Conway, though, said he hopes to push for preferential display favoritism for Colorado Option plans again next year, reiterating that he believes the plans provide the clearest opportunity to compare coverage. Sorting plans just by premium price gives carriers an incentive to underprice their plans in the hope of signing up more people, Conway said. That could lead to unsustainability that sees more carriers falter.

Highlighting Colorado Option plans would give consumers a broader view across all insurers, he said.

“I think that’s good for the market and good for the sustainability of the market, too,” he said during last month’s Connect for Health board meeting.

Urging consumers to shop

The dispute has left lingering questions and frustrations. But people on all sides of the issue agree that the complexity of the situation shows why consumers looking for insurance in the individual market need to be proactive shoppers this year.

Fearing, the president of the state’s brokers group, said people should think about using a broker to help navigate the system and make sure they end up with a plan that meets their needs.

“Don’t just click through the path of least resistance,” she said.

Patterson also highlighted the importance of shopping.

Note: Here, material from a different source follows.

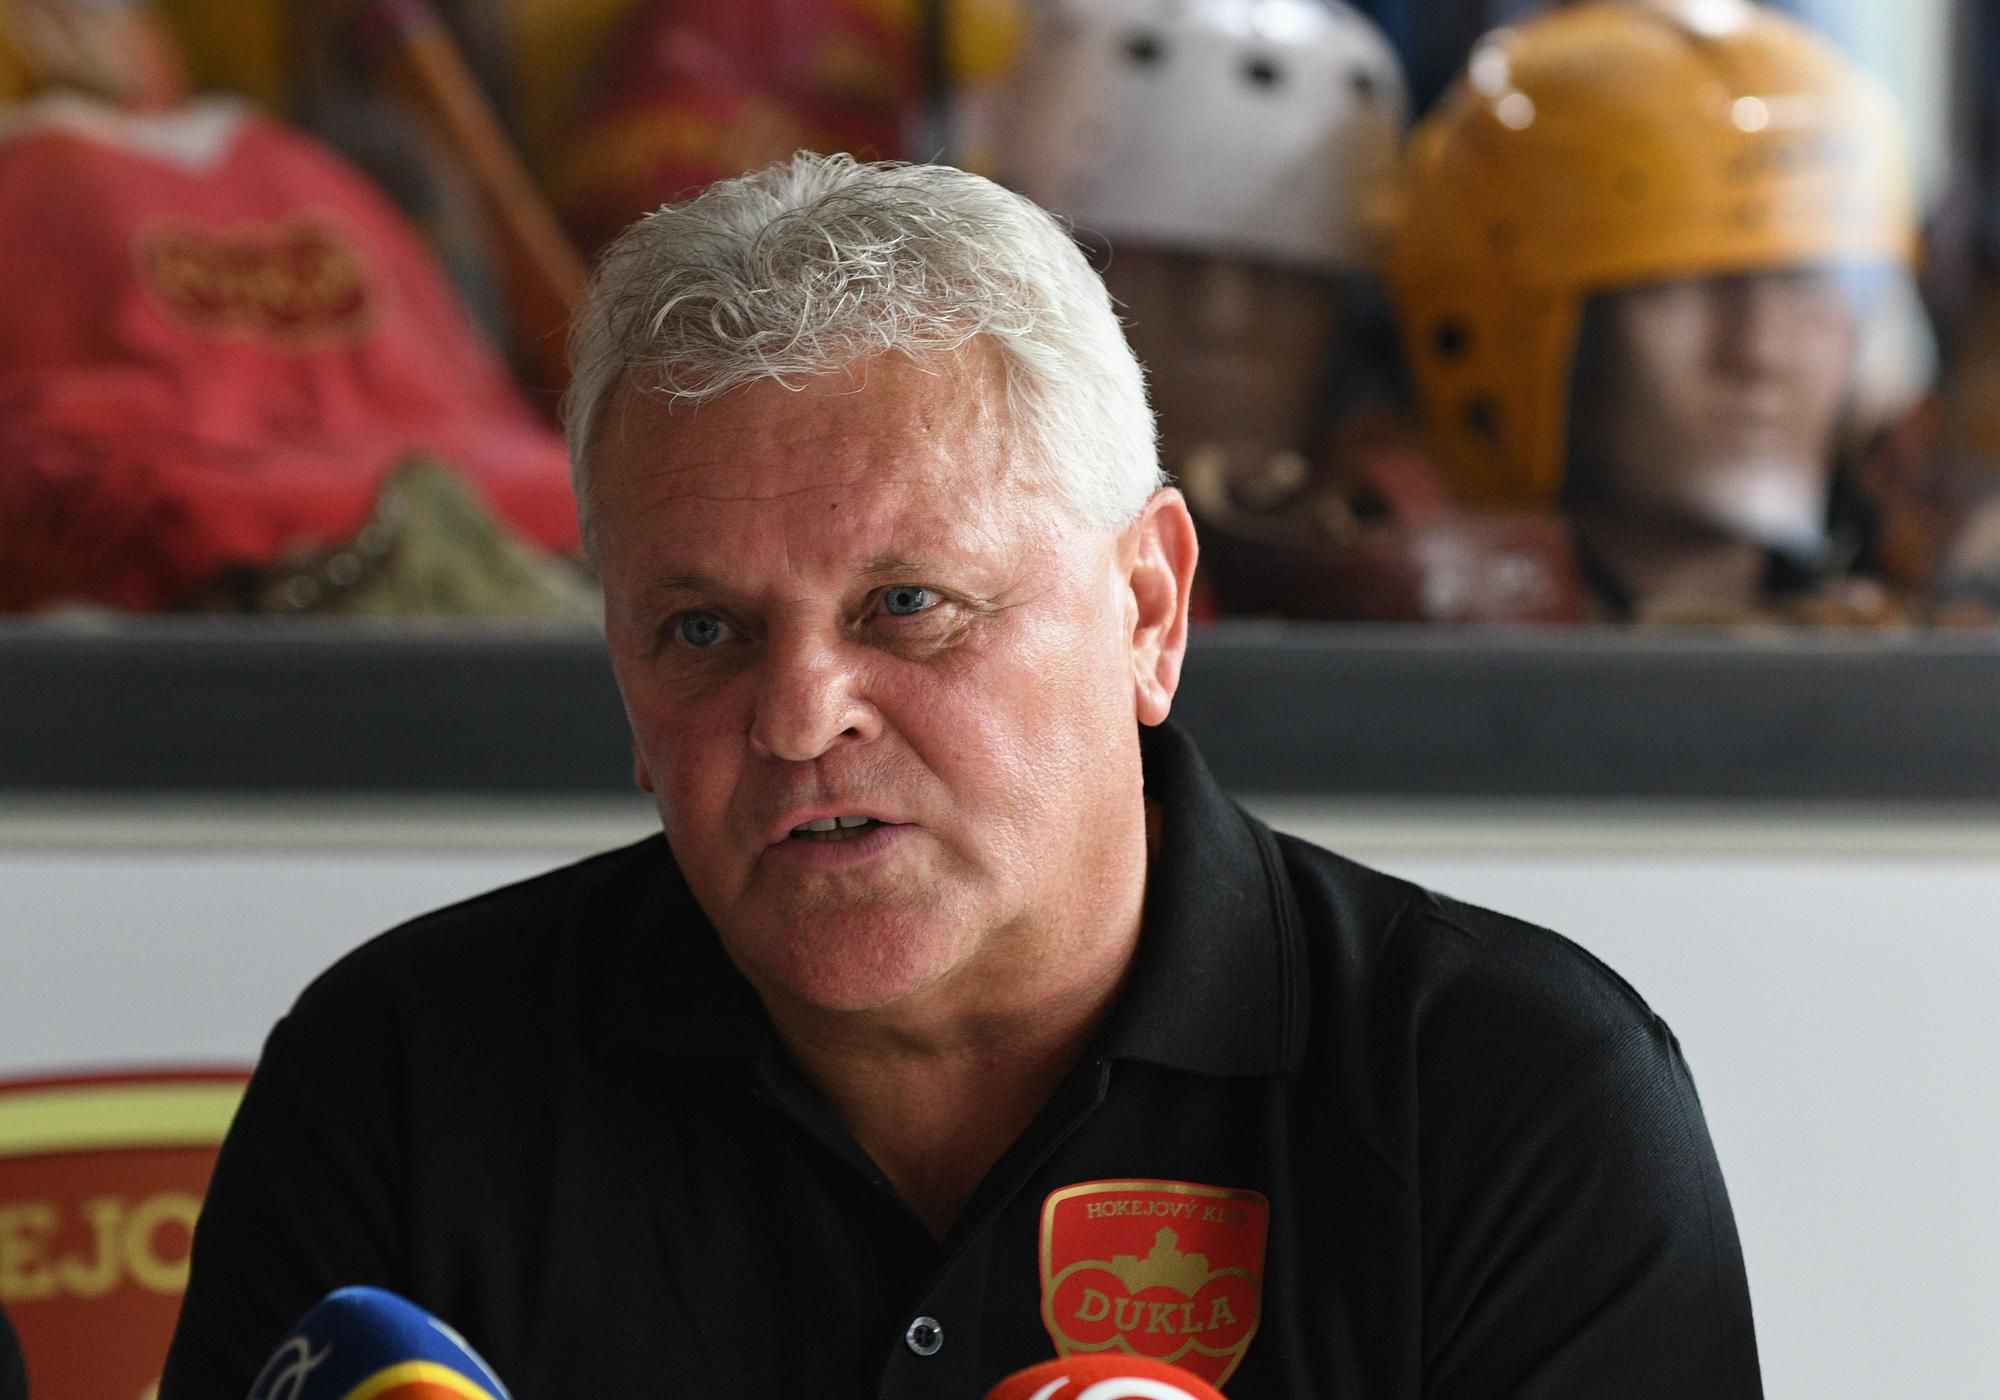 Predseda predstavenstva Viliam Ružička počas tlačovej konferencie hokejového klubu Dukla Trenčín.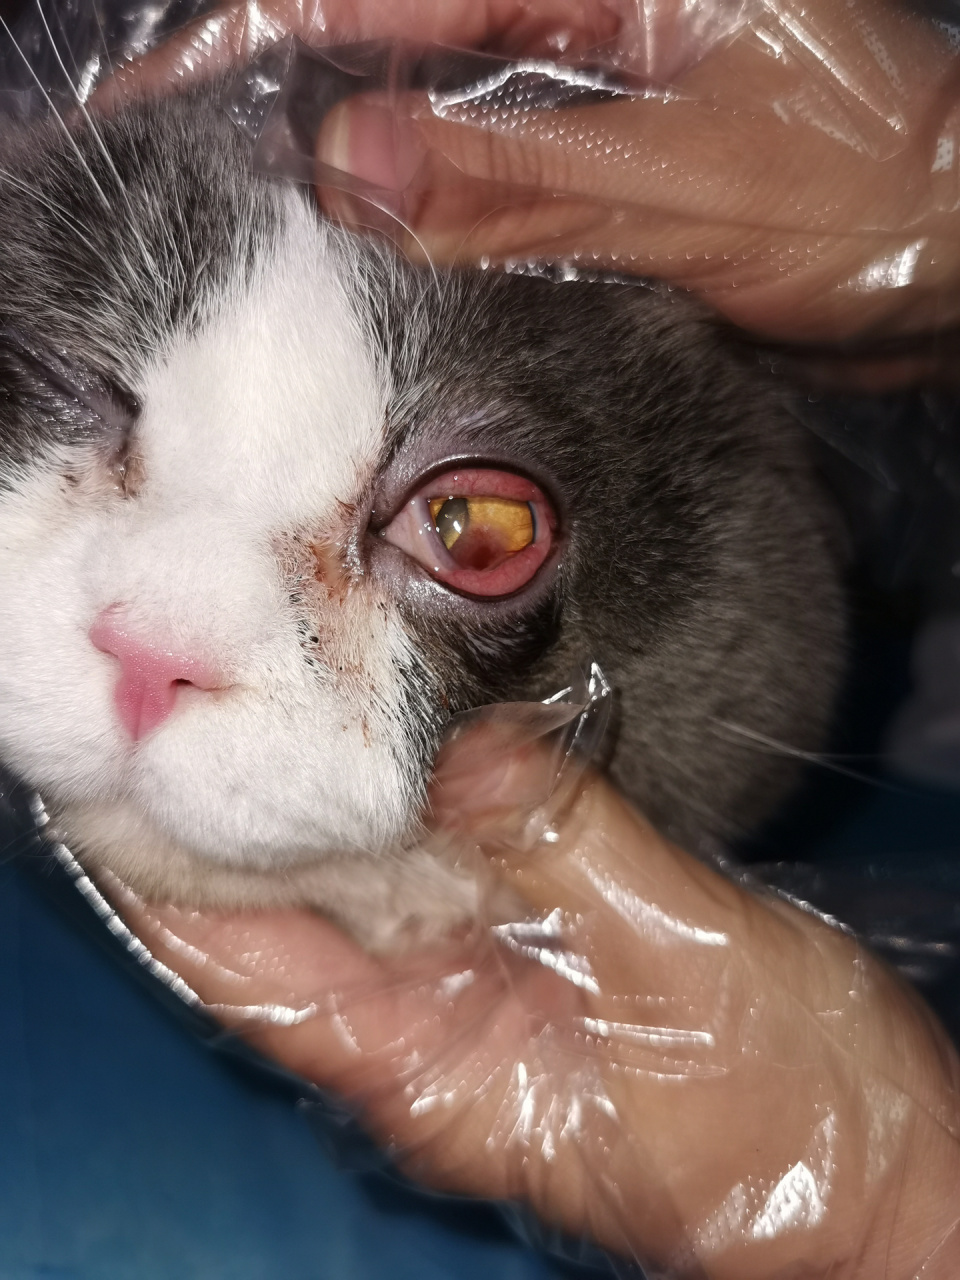 分享猫咪角膜溃疡治疗过程 大头病情:角膜炎 角膜溃疡  滴药顺序:1

“This year is more important than last year to make sure you shop,” Patterson said. “There are just so many big things moving around.”

But, at last month’s Connect for Health board meeting, some members questioned how this encouragement of shopping squares with the idea of offering suggested plans.

“If you’re a member and you see something show up in your inbox that says (Connect for Health) has a plan that is a suggested match for your other plan, that carries weight,” said board vice chair Marc Reece, who also works as the senior director for state government affairs for Aetna’s western region. “If we’re making a suggestion, knowing that that carries weight, how do we balance that against the message to be sure to shop?”